Airline crashes, déjà vu?
A recent news item may have reminded air travelers about an unexpected danger: coffee?
Yes, really.
A popular book on the early days of commercial air flights (made into a movie in 1964) was “Fate is the Hunter” by Ernest Kahn. The plot: a federal investigator not satisfied with the “pilot error” verdict of a crash by a pilot friend that killed virtually all passengers finds that the cause was instead a cup of hot coffee that burned some internal wires.
Flash to now: a pilot’s spilled coffee accidentally triggered a hijacking alert and caused a United Airlines flight from Chicago to Frankfurt, Germany, to make an unscheduled stop in Canada, reports the AP.
A Transport Canada report says United Flight 940 was diverted to Toronto late Monday and landed safely at Pearson International Airport.

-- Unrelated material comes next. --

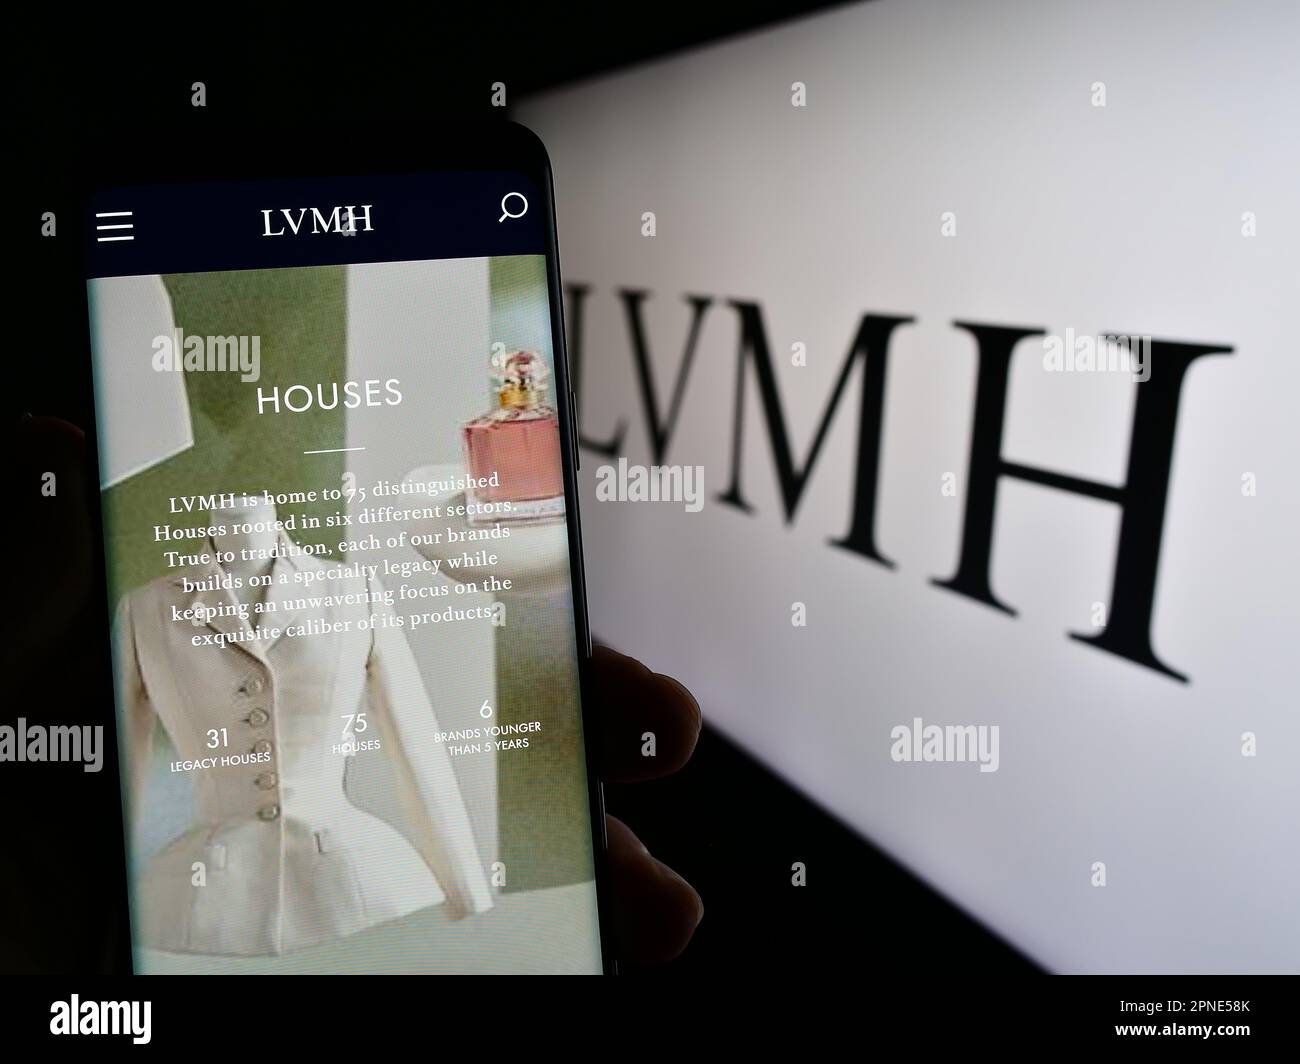 Person holding cellphone with webpage of company LVMH Moet Hennessy Louis Vuitton SE on screen in front of logo. Focus on center of phone display. Stock Photo

An emergency was declared and Canada’s defense department was notified, but that with the help of United dispatch staff the flight crew confirmed it to be a communication issue and not a hijacking.
The report says the US Federal Aviation Administration reported that United’s corporate office had indicated that the pilot "had inadvertently squawked a 7500 code after spilling coffee on the aircraft’s radio equipment, which interfered with the communications equipment."
The 241 passengers and 14 crew members were unhurt and rebooked on another flight.
When asked about coffee triggering the diversion and mass delay, United Airlines avoided the subject, according to wire services.